Given a four digit number XXXX, are there more permutations if repetition is allowed or not allowed?
with no repetitions, there are only 4! permutations.
With repetition, there are 10^4 (or maybe 9*10^3 if you disallow leading zeros) choices.
if a zero is allowed in the lead position, then with no repetition, there would be
10(9)(8)(7) ways
if a zero is allowed in the lead position, and repetition is allowed, there would be
10^4 ways
If zero is not allowed, with no repetition: 9(9)(8)(7)
zero not allowed, but with repetition: 9(10^3)
If XXXX is a specified number, and the numbers are all different,
then 4! , as Steve said in his first answer
If XXXX is a specified number and some of the numbers are duplicates, then more
information is needed.
Oh, well that's an interesting question. You see, when repetition is allowed, it's like having a buffet with endless options. It's like going to a pizza place where you can have as many toppings as you want, even extra cheese! You can mix and match the digits however you please, resulting in a larger number of permutations.
But when repetition is not allowed, it's like going to a fancy restaurant with a fixed menu. You're limited to the choices they offer, and you can't have the same digit more than once. So, in this case, the number of permutations would be reduced because you can't repeat any digits.
So, in a nutshell, repetition allows for more "flavorful" permutations, while without repetition, it's like having a more limited menu.
To determine the number of permutations with repetition allowed and not allowed for a four-digit number XXXX, we can use the concept of permutations.

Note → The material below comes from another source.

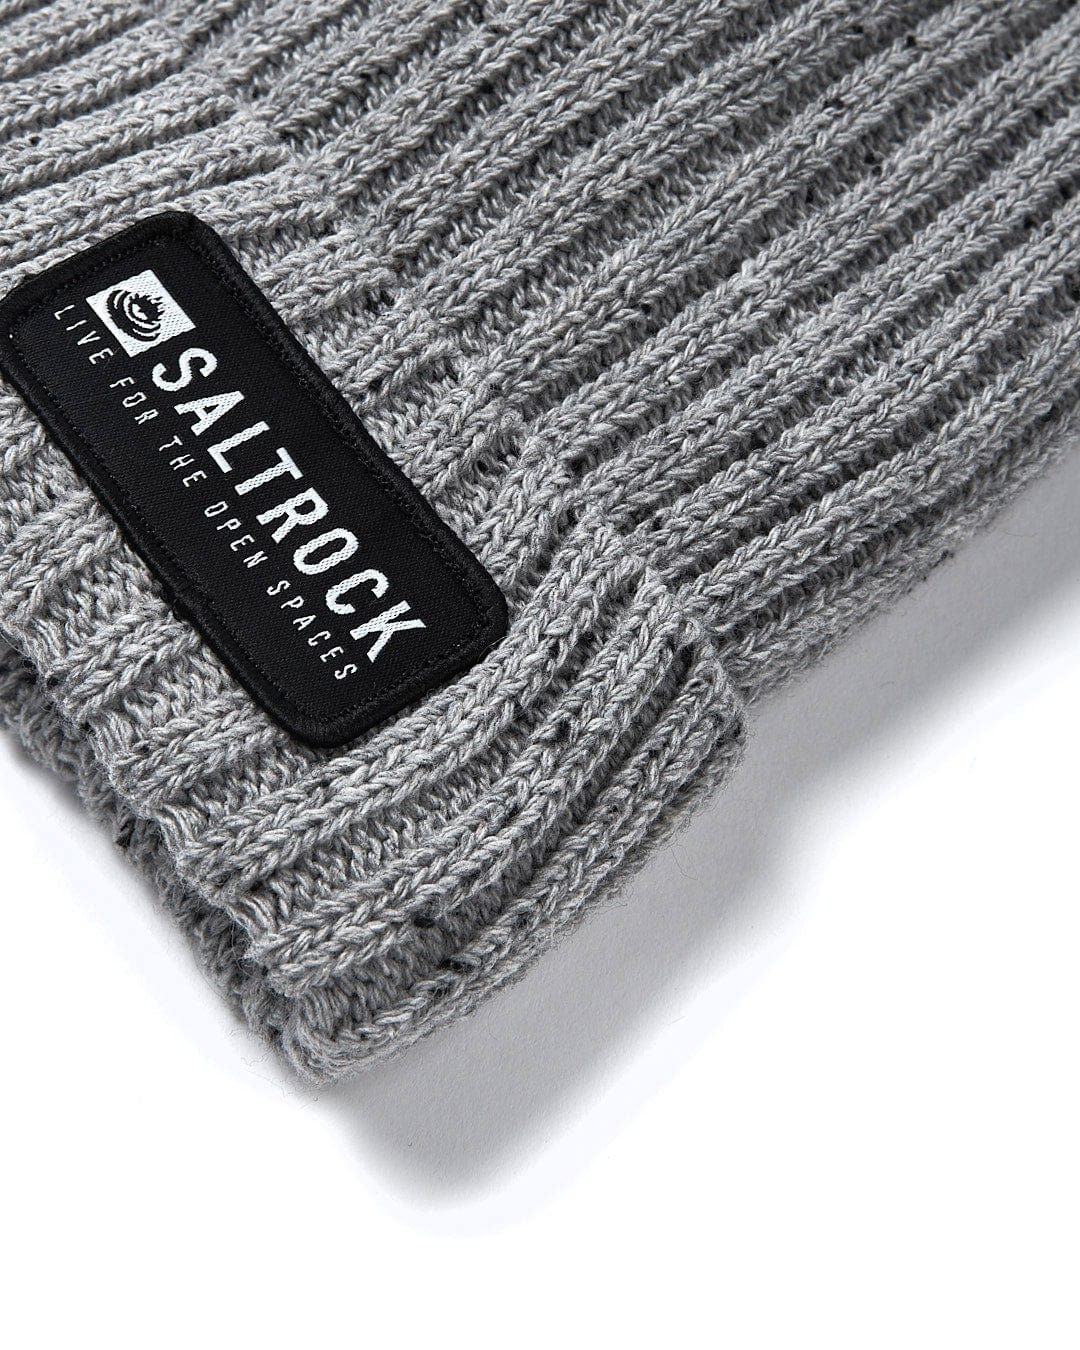 A chunky knit Heritage - Beanie - Grey with a Saltrock label, providing extra warmth.

1. Permutations with repetition allowed:
When repetition is allowed, each digit can take any value from 0 to 9. Therefore, each digit has 10 options (0-9). So, the total number of permutations with repetition allowed is calculated as 10^4 (since we have 4 digits).

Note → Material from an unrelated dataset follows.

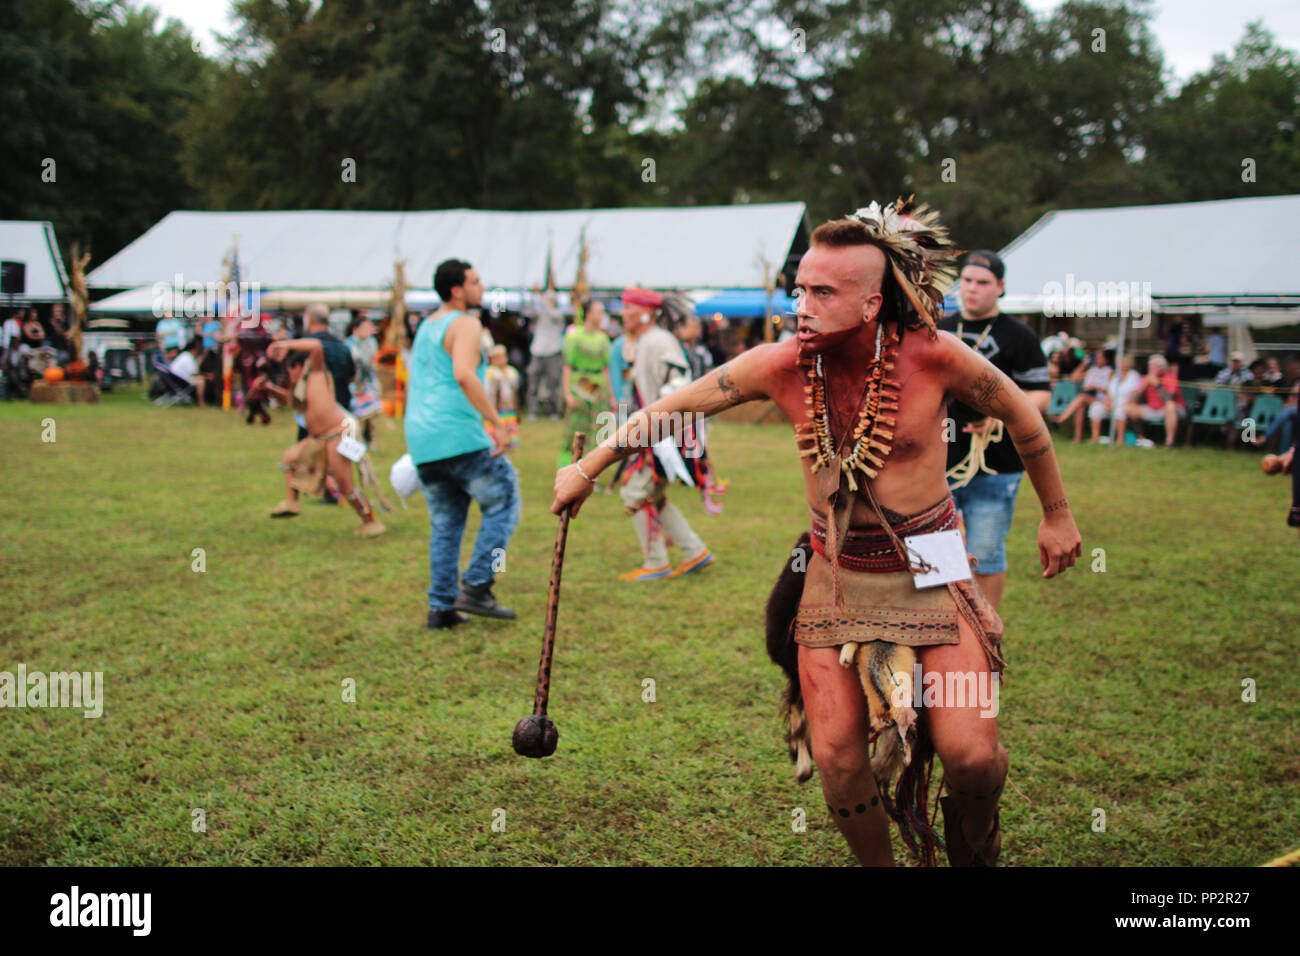 Native American performers dressed in traditional costumes dancing at the Annual Indian Tribe Fall Festival and Pow Wow, Virginia, USA Stock Photo

2. Permutations with repetition not allowed:
When repetition is not allowed, the first digit can take any value from 1 to 9 (as leading zeros are not allowed). So, there are 9 options for the first digit.
For the second digit, there are only 9 remaining options, as one digit is already used (repetition not allowed). Similarly, for the third digit, there are 8 remaining options, and for the fourth digit, there are 7 remaining options.
Therefore, the total number of permutations with repetition not allowed is calculated as 9 * 9 * 8 * 7 = 4,536.
Comparing the two scenarios, we find that there are more permutations when repetition is allowed (10,000 permutations) compared to when repetition is not allowed (4,536 permutations).
To determine whether there are more permutations with repetition allowed or not allowed for a four-digit number XXXX, we need to calculate the number of permutations in each case.
When repetition is allowed, any digit (0-9) can be chosen for each of the four positions independently. Therefore, we have 10 options for each position. So, the total number of permutations with repetition allowed is calculated as:
10 options for the first position × 10 options for the second position × 10 options for the third position × 10 options for the fourth position = 10^4 = 10,000 permutations.
On the other hand, when repetition is not allowed, we have to ensure that each digit chosen is unique for each position. For the first position, we have 10 options to choose from (0-9). For the second position, we have 9 options left (as one digit has already been chosen). For the third position, we have 8 options left, and for the fourth position, we have 7 options left.
Therefore, the total number of permutations without repetition allowed is calculated as:
10 options for the first position × 9 options for the second position × 8 options for the third position × 7 options for the fourth position = 10 × 9 × 8 × 7 = 5,040 permutations.
Comparing both results, we can see that there are more permutations when repetition is allowed (10,000 permutations) compared to when repetition is not allowed (5,040 permutations).